Somewhere I acquired a sheet of sticker stamps, for putting on letters, put out by the YMCA and saying, “Send a Boy to Camp.” I use one now and then, and cross out the word “boy” and write in, “person.” A small remonstrance and ineffective, but a start. The difference between male and female is not political, social, psychological, and even philosophical, but strictly biological, and it was recognized by humanity and language long ago. One summer not long ago one of our Maine timberland owners agreed to participate in a university program. A group of forestry students would come to live in and study the operation of a lumber camp. When the students arrived, the group had fourteen boys and one girl. There is nothing that says a young lady can’t study forestry, but there remain numerous reasons why one should not attend a lumber camp. The university had gratified the liberationists, but the camp was not yet ready for the girl who came.

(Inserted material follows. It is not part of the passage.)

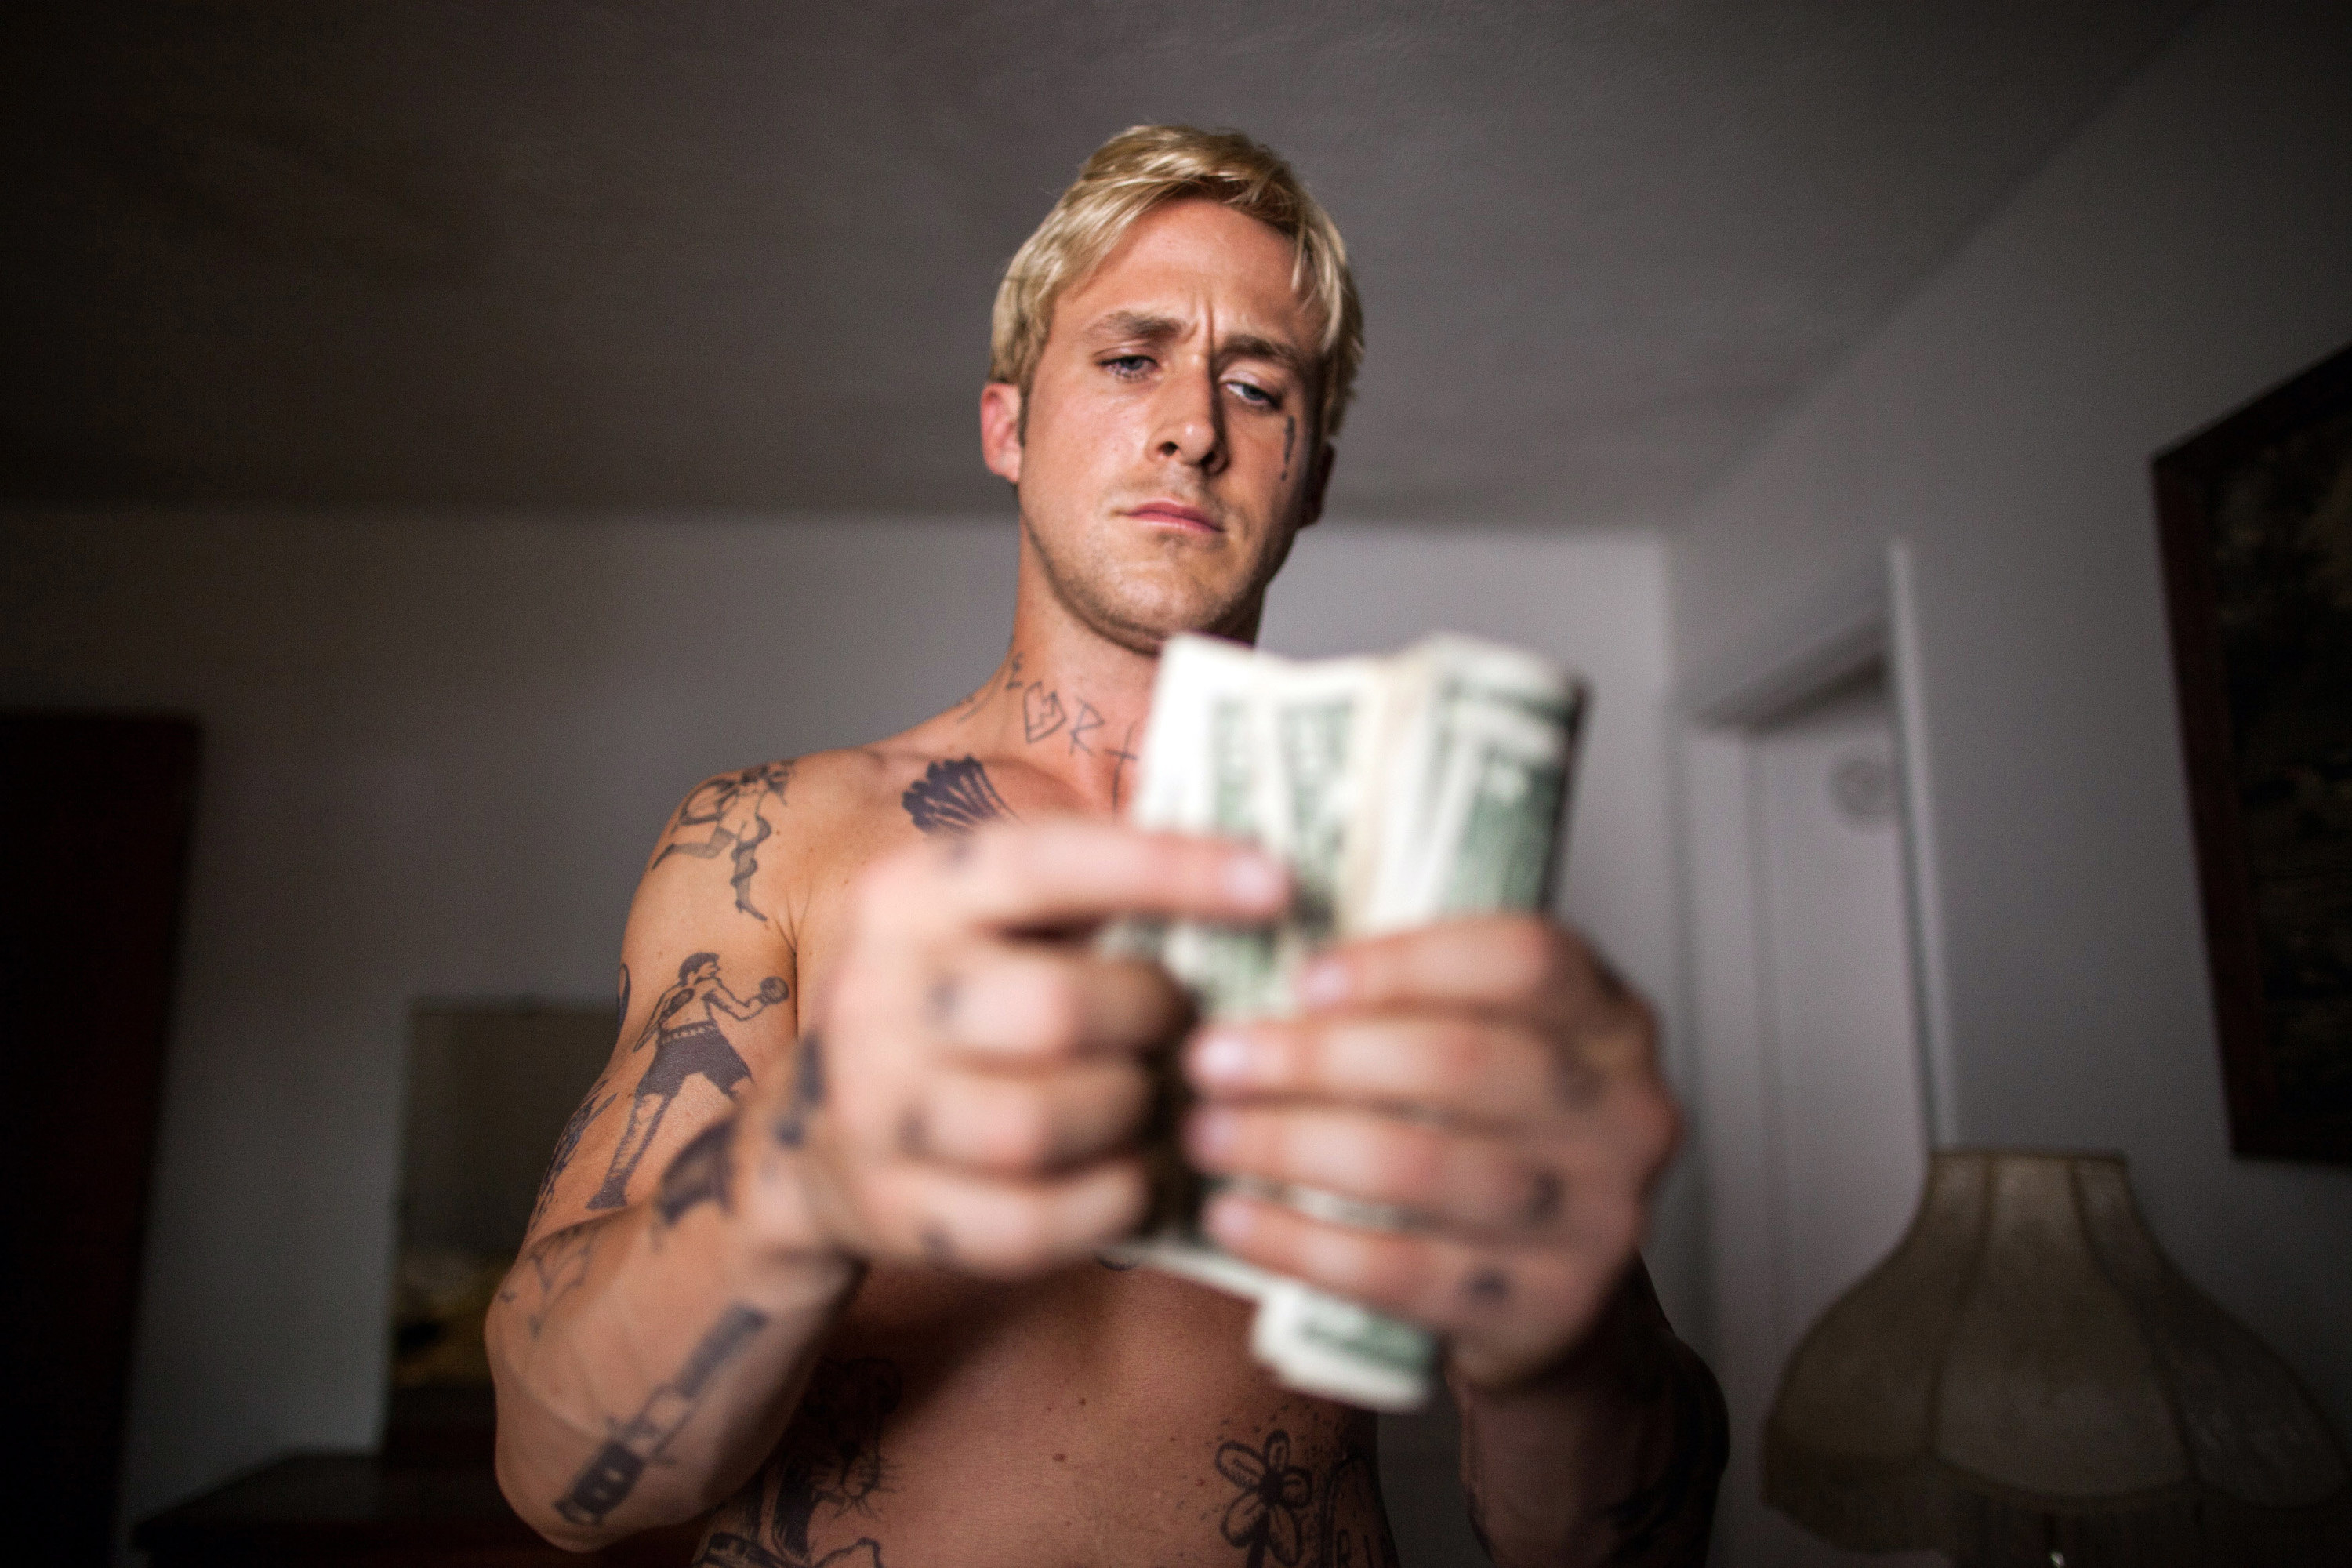 A shirtless tattooed man counts cash

The professor who was in charge of the bisexual, if top-heavy, summer program did the only thing possible—he went to the boss of the camp to suggest that arrangements be made so the young lady could have discreet accommodations in the boss’s camp. No way. The boss of a camp wouldn’t let God Almighty share. So, you see, the word “person” is no good if it needs another word to make it clear. Fifteen persons is not the same as fourteen boys and one girl.
It’s likely, and I admit it, that Maine may resist the desexing effort longer than some places. For one thing, the word “person” usually suggests somebody not worth further identity. “Some person came to buy a pig while you were gone,” wife to husband on his return.